## [PROBLEM DESCRIPTION]
For the entries that follow, retype exactly the lines from the one containing "Milano porta nuova" to the one containing "ats-schoonmaak-rijswijk-footer", inclusive, and only those. Images stay out of the copy.

## [MATERIAL PROVIDED]
########################################

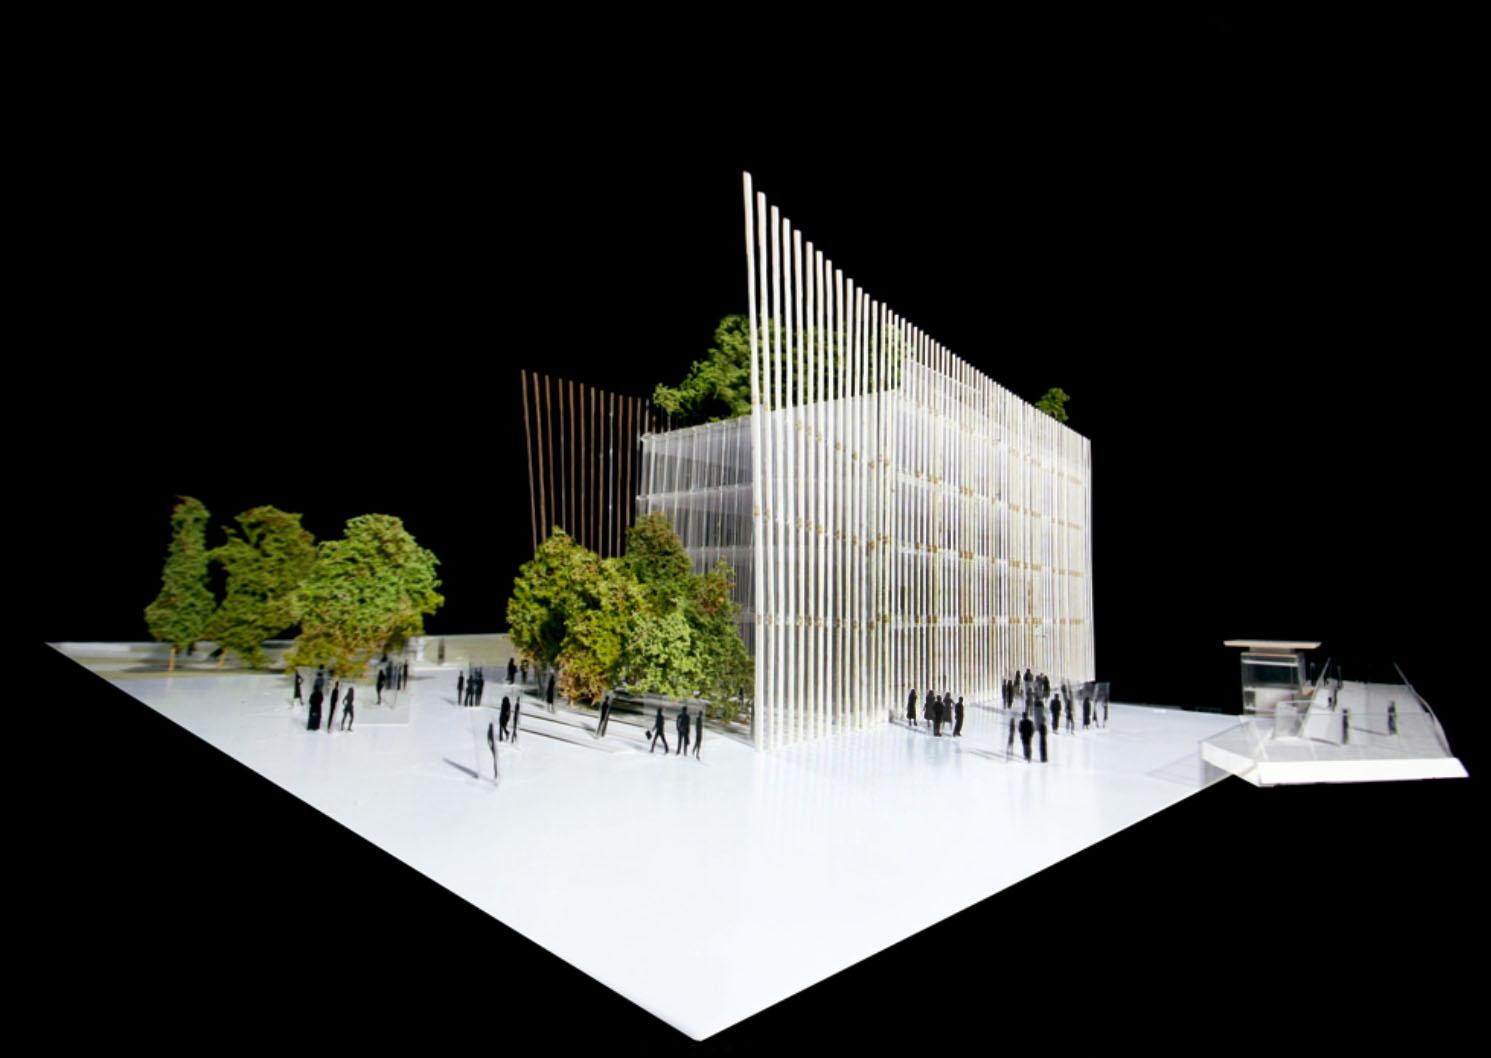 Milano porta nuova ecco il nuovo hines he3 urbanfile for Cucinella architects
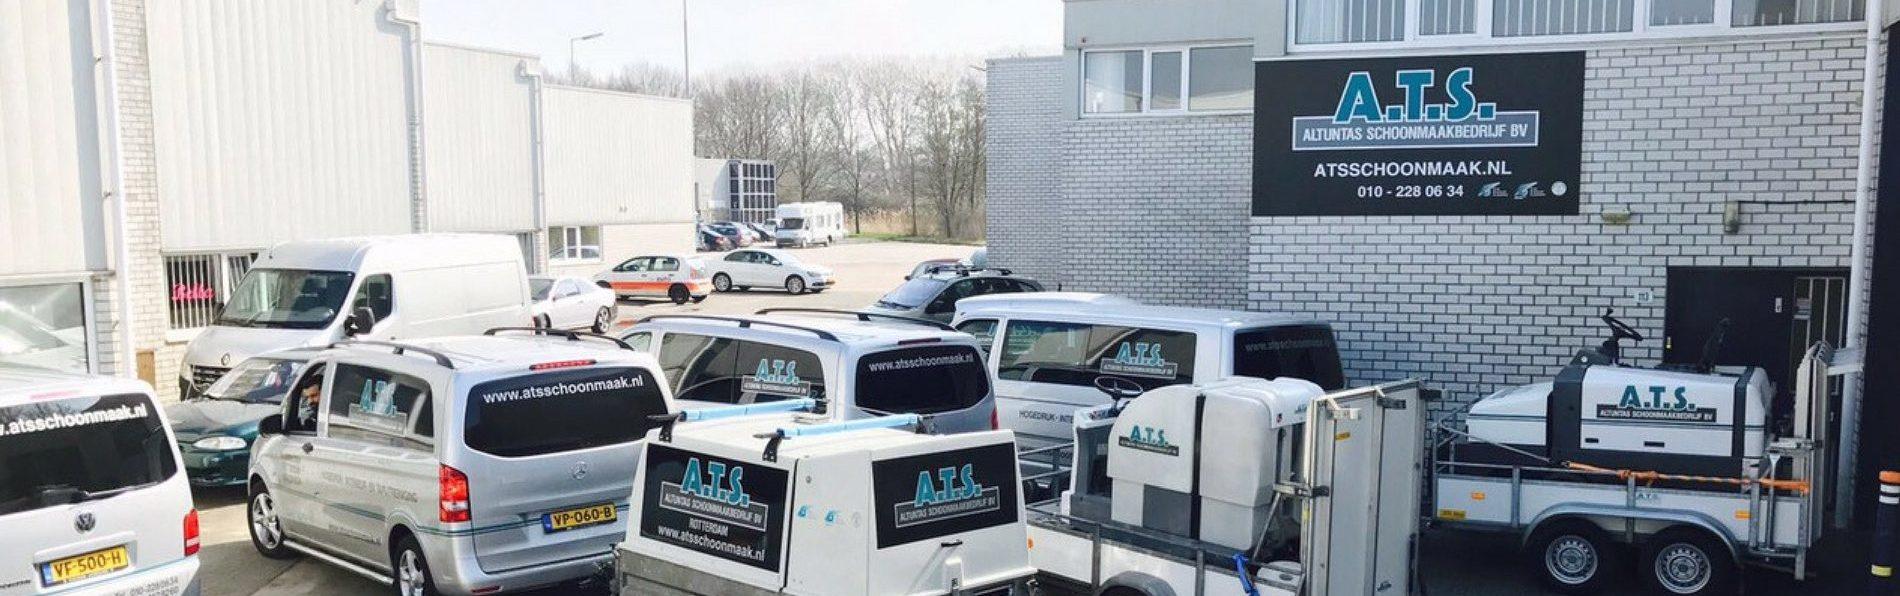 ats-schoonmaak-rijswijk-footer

########################################

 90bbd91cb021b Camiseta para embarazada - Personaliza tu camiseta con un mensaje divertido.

########################################

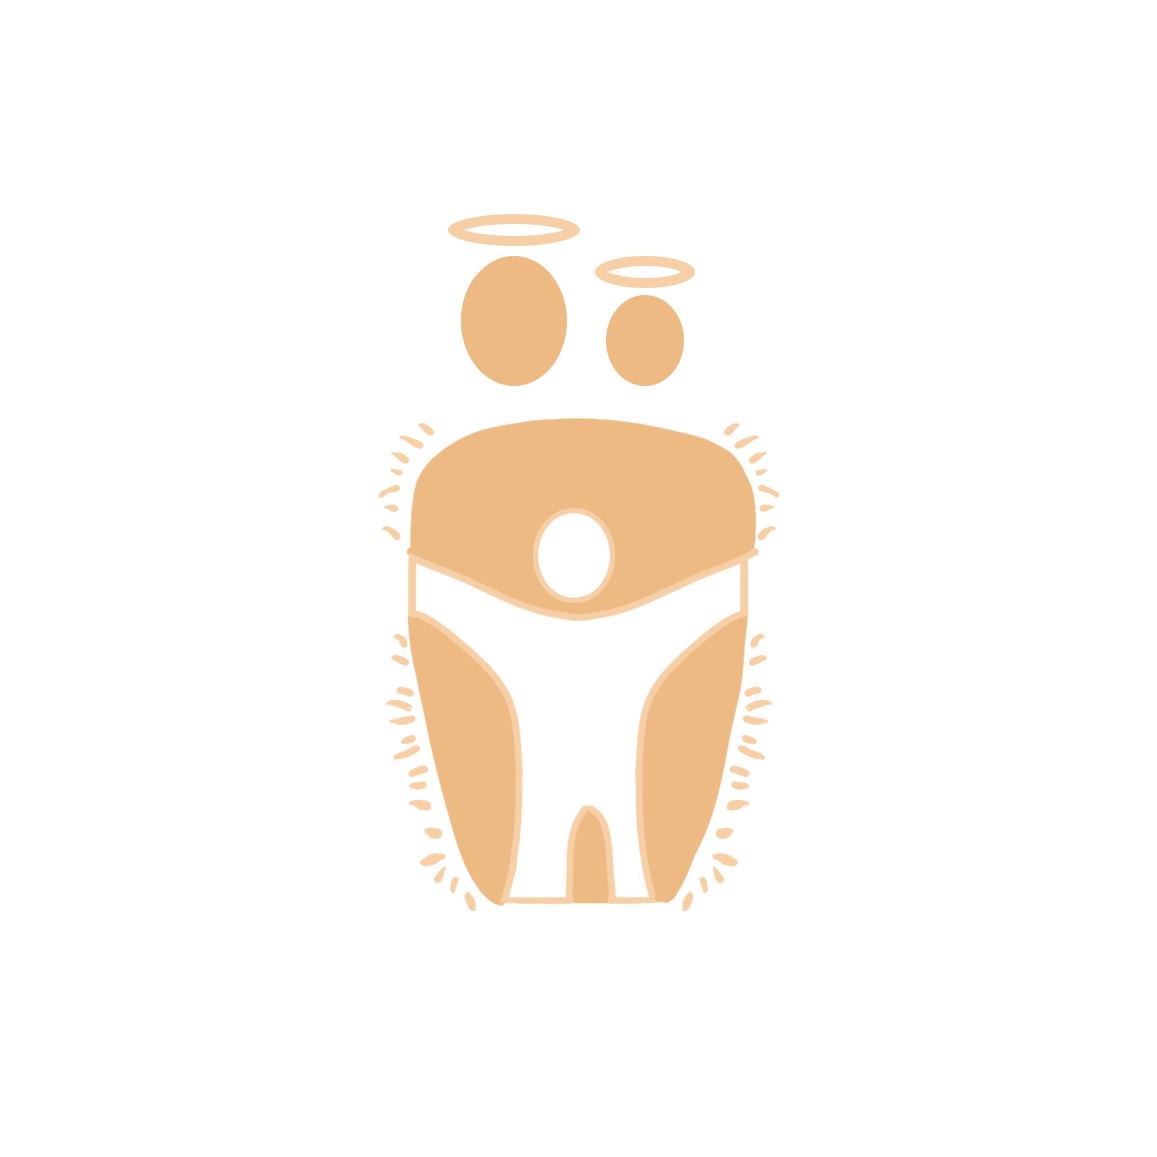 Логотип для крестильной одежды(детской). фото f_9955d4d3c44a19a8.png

########################################

## [EXERCISE RESPONSE]
 Milano porta nuova ecco il nuovo hines he3 urbanfile for Cucinella architects
 ats-schoonmaak-rijswijk-footer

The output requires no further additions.